Я создал модель NER, используя BERT для обнаружения медицинских объектов, и она отлично работает. Я пытаюсь добавить слой CRF поверх моей модели BERT, чтобы улучшить ее производительность, но получаю ошибку, которую не могу устранить.
Вот ошибка:
ValueError Traceback (most recent call last)
in ()
83
84 # Start training
---> 85 trainer.train()
7 frames
/usr/local/lib/python3.10/dist-packages/torchcrf/__init__.py in _validate(self, emissions, tags, mask)
165 no_empty_seq_bf = self.batch_first and mask[:, 0].all()

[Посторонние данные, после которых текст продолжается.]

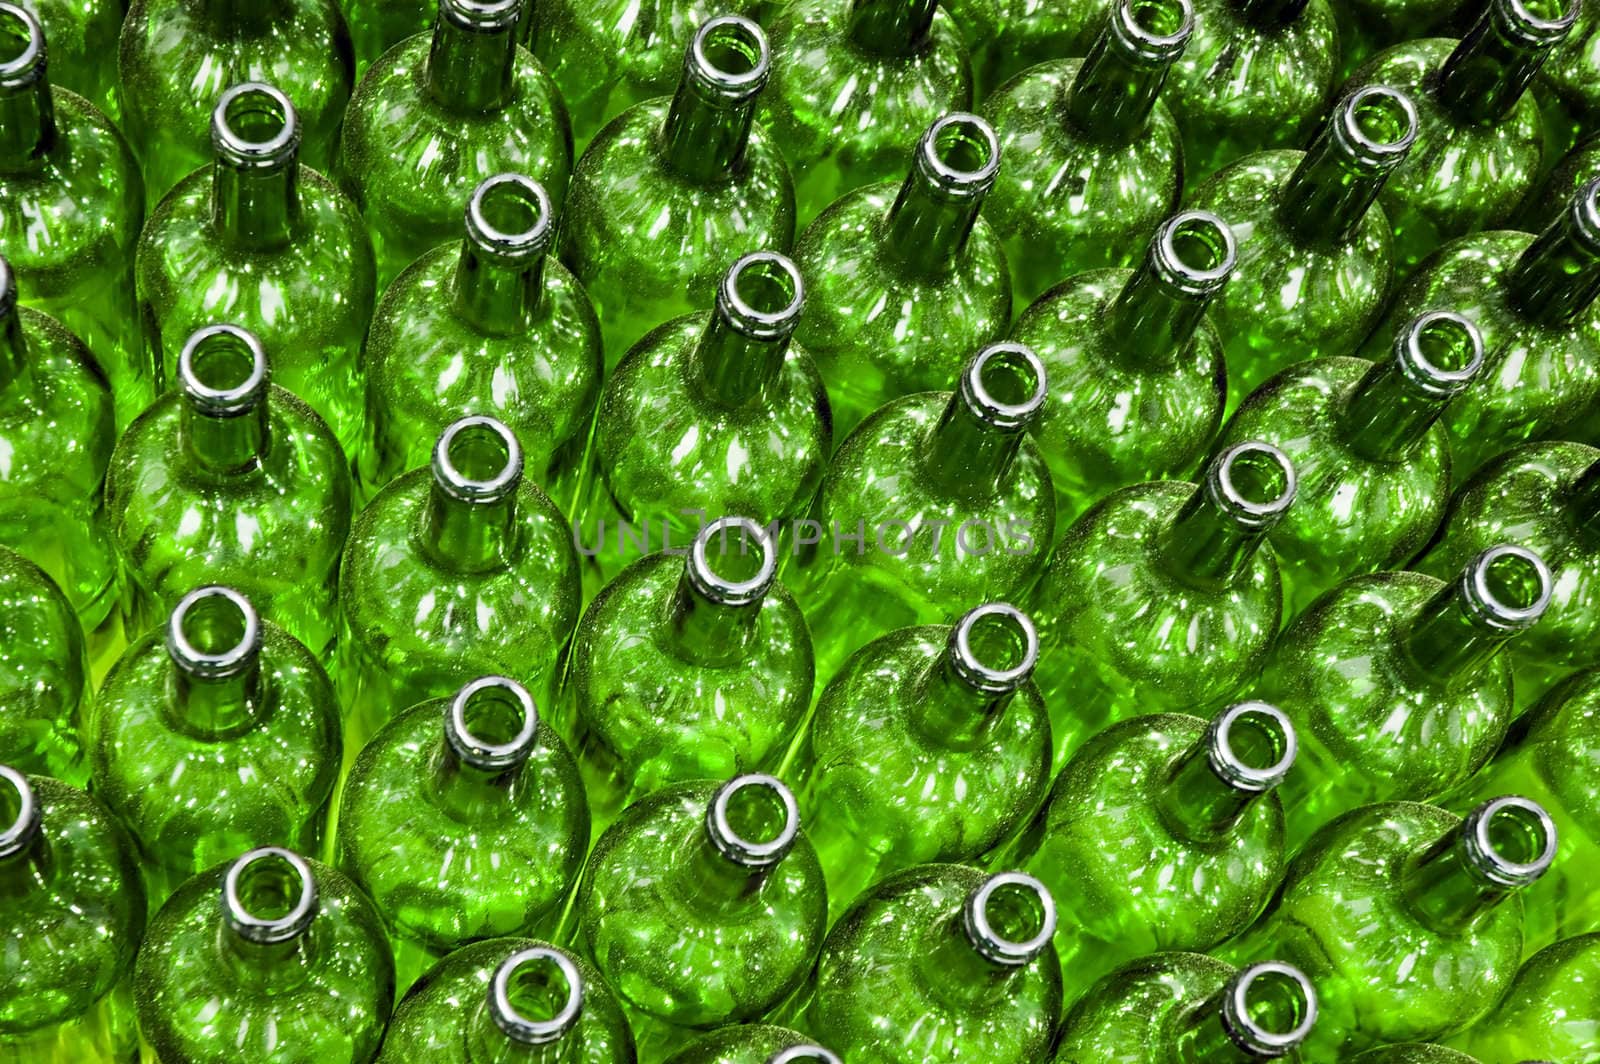 Green glass bottles by mrfotos

166 if not no_empty_seq and not no_empty_seq_bf:
--> 167 raise ValueError('mask of the first timestep must all be on')
168
169 def _compute_score(
ValueError: mask of the first timestep must all be on
from transformers import TrainingArguments, Trainer
from torchcrf import CRF
import torch.nn as nn
from transformers import DataCollatorForTokenClassification
from transformers import AutoTokenizer, BertTokenizerFast
def tokenize_and_align_labels(examples):
tokenized_inputs = tokenizer(examples["tokens"], truncation=True, is_split_into_words=True)
labels = []
for i, label in enumerate(examples[f"ner_tags"]):
word_ids = tokenized_inputs.word_ids(batch_index=i)
previous_word_idx = None
label_ids = []
for word_idx in word_ids:
# Special tokens have a word id that is None. We set the label to -100 so they are automatically
# ignored in the loss function
if word_idx is None:
label_ids.append(-100)
# We set the label for the first token of each word.
elif word_idx != previous_word_idx:
label_ids.append(label[word_idx])
# For the other tokens in a word, we set the label to either the current label or -100, depending on
# the label_all_tokens flag.
else:
label_ids.append(label[word_idx] if label_all_tokens else -100)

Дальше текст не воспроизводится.